As happened, for example, with Monte dei Paschi di Siena...

Exactly. I was Finance Minister when these issues were discussed. The main goal was precisely to avoid having to use public money in the event of banking crises. People no longer accept that. That’s why we created this safety net. It’s ready, it exists. We hope it will one day be activated.

Let’s talk about financial stability. What is your assessment of the situation in Europe today?

I think we can clearly say that, at the moment, European banks are resilient. And that’s good news. If we compare the current situation to that of the great financial and euro area crises, we are in a much better position.
Bank capital and liquidity ratios are more solid, also thanks to the implementation of the Basel rules—not all of them, since we’re waiting for other countries to do the same—but overall, yes, banks are more resilient.

But?

Of course, one can never be completely protected. But today, we are in better shape than a few years ago, and much better than during the great crisis. The European banking system is solid. That’s a positive point. However, with all the other uncertainties—geopolitics, tariffs, instability—risks might not materialise in the banking system, but elsewhere.

On that note: what do you think about cryptocurrencies and stablecoins?

It’s a fundamental issue we need to monitor closely. We have to see how the United States will regulate cryptocurrencies and stablecoins. We’re in a waiting phase. Cryptocurrencies are extremely volatile: they cannot serve as a stable currency or a safe haven. They are investment and speculation tools.

And what about stablecoins?

The big question is: would dollar-denominated stablecoins be guaranteed by the Federal Reserve? That’s a question mark. We don’t know. In Europe, what I can say is that we should—and this is a recurring theme in the Eurogroup, which we at the ESM fully support—push for the introduction of the digital euro, a digital euro issued by the European Central Bank. It would be a credible and natural evolution of euro usage.

How do you see the world and the eurozone in 2026?

I’m optimistic about Europe. What’s happening outside our continent—especially the destabilisation of the international order we’ve known—is so significant that it forces us to come together. This external pressure, in the end, has the effect of uniting us.

Do you think this integration process could be long-lasting?

Looking at past crises, every time we were under pressure, Europe always found common ground and a way to act together.
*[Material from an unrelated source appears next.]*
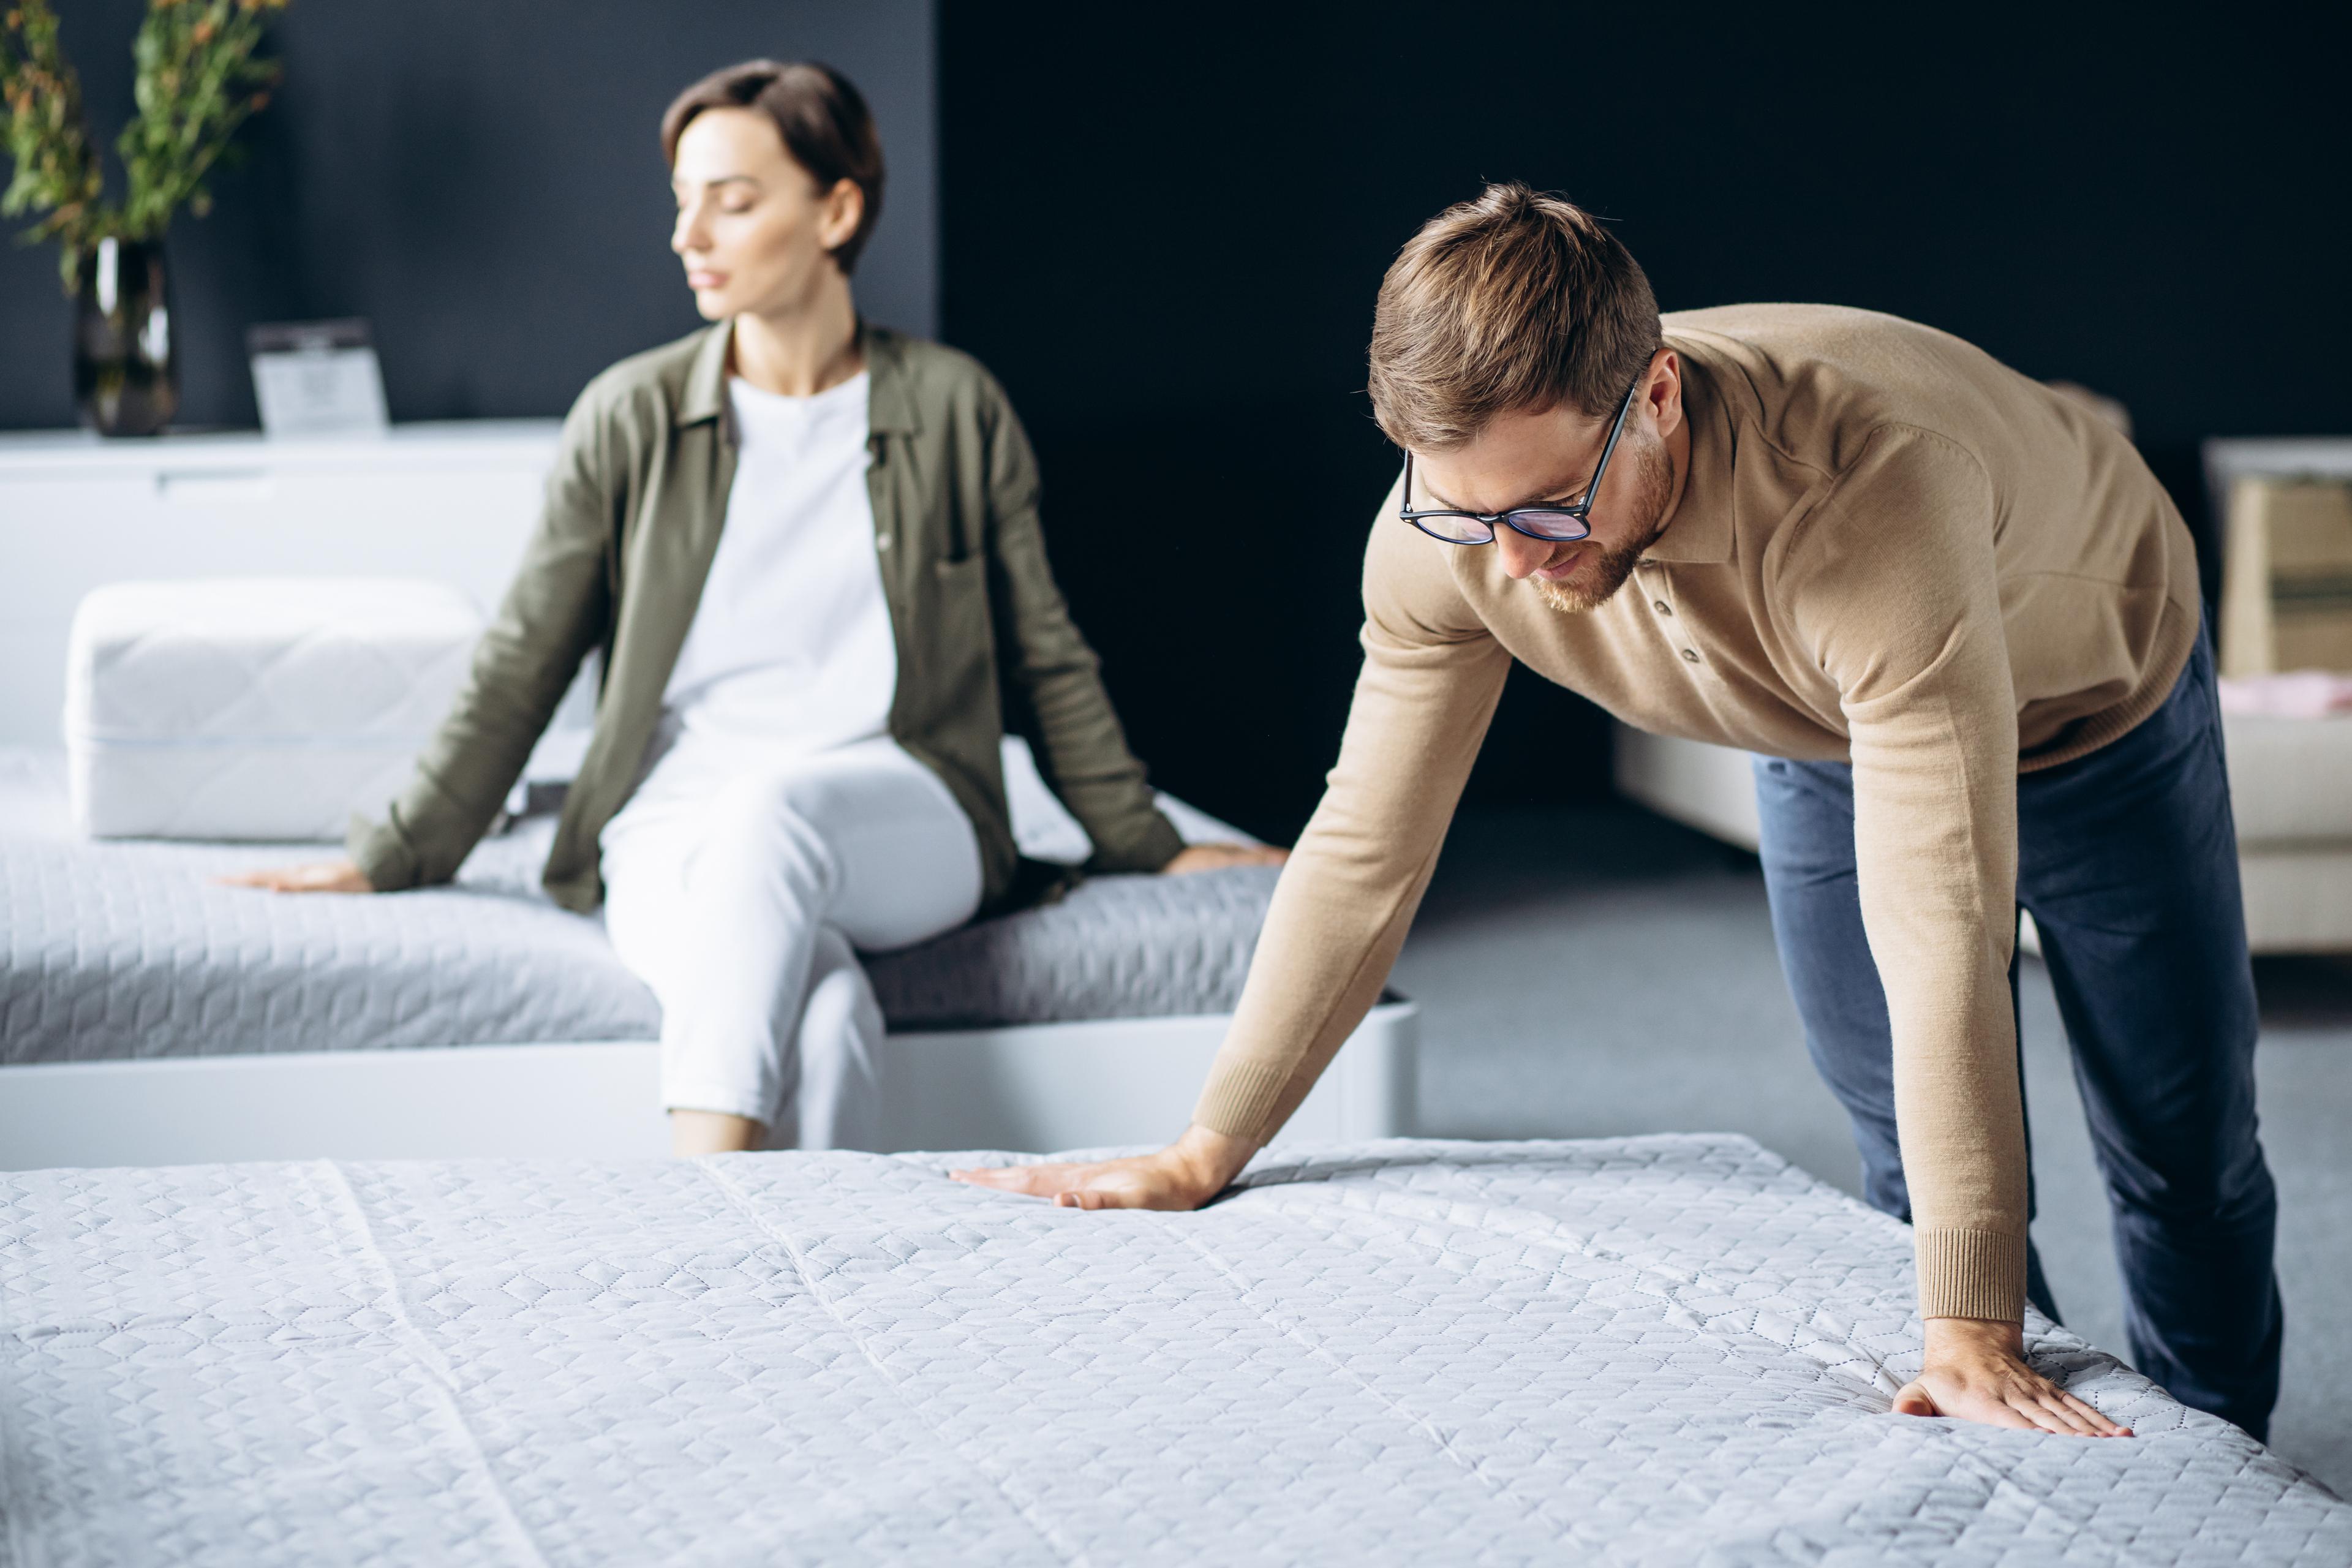 A man and woman test mattresses in a bright store. He leans forward, both hands on the mattress to test the firmness while the woman is sitting on another mattress to test the comfort. They are not engaged, perhaps zoned in their own mattress experiences.

And I see no reason why this time should be any different. I attend Eurogroup meetings every month, and I feel that this shared analysis is present in most member countries. That’s why I’m very optimistic.

The Governor of the Bank of Italy, Fabio Panetta, spoke about the possibility of issuing eurobonds, a common European debt. Do you agree?

The issue of eurobonds has been under discussion for a long time. At the moment, I don’t see widespread enthusiasm around the table from all countries. To put it more clearly: many member states do not agree and have stated so openly.

Do you still believe there are alternative tools to finance common policies?

I would encourage countries to explore ways to jointly fund defence. Countries cannot do it alone. There are many options: involving the private sector, combining public and private investments, finding other common European solutions.

So you're saying we need something more targeted, tailor-made for common defence?

A more targeted and functional solution would, in my view, be a constructive contribution to the debate. Naturally, all of this presupposes that countries are ready to seriously discuss joint defence projects. Only then can we efficiently organise the security of our continent.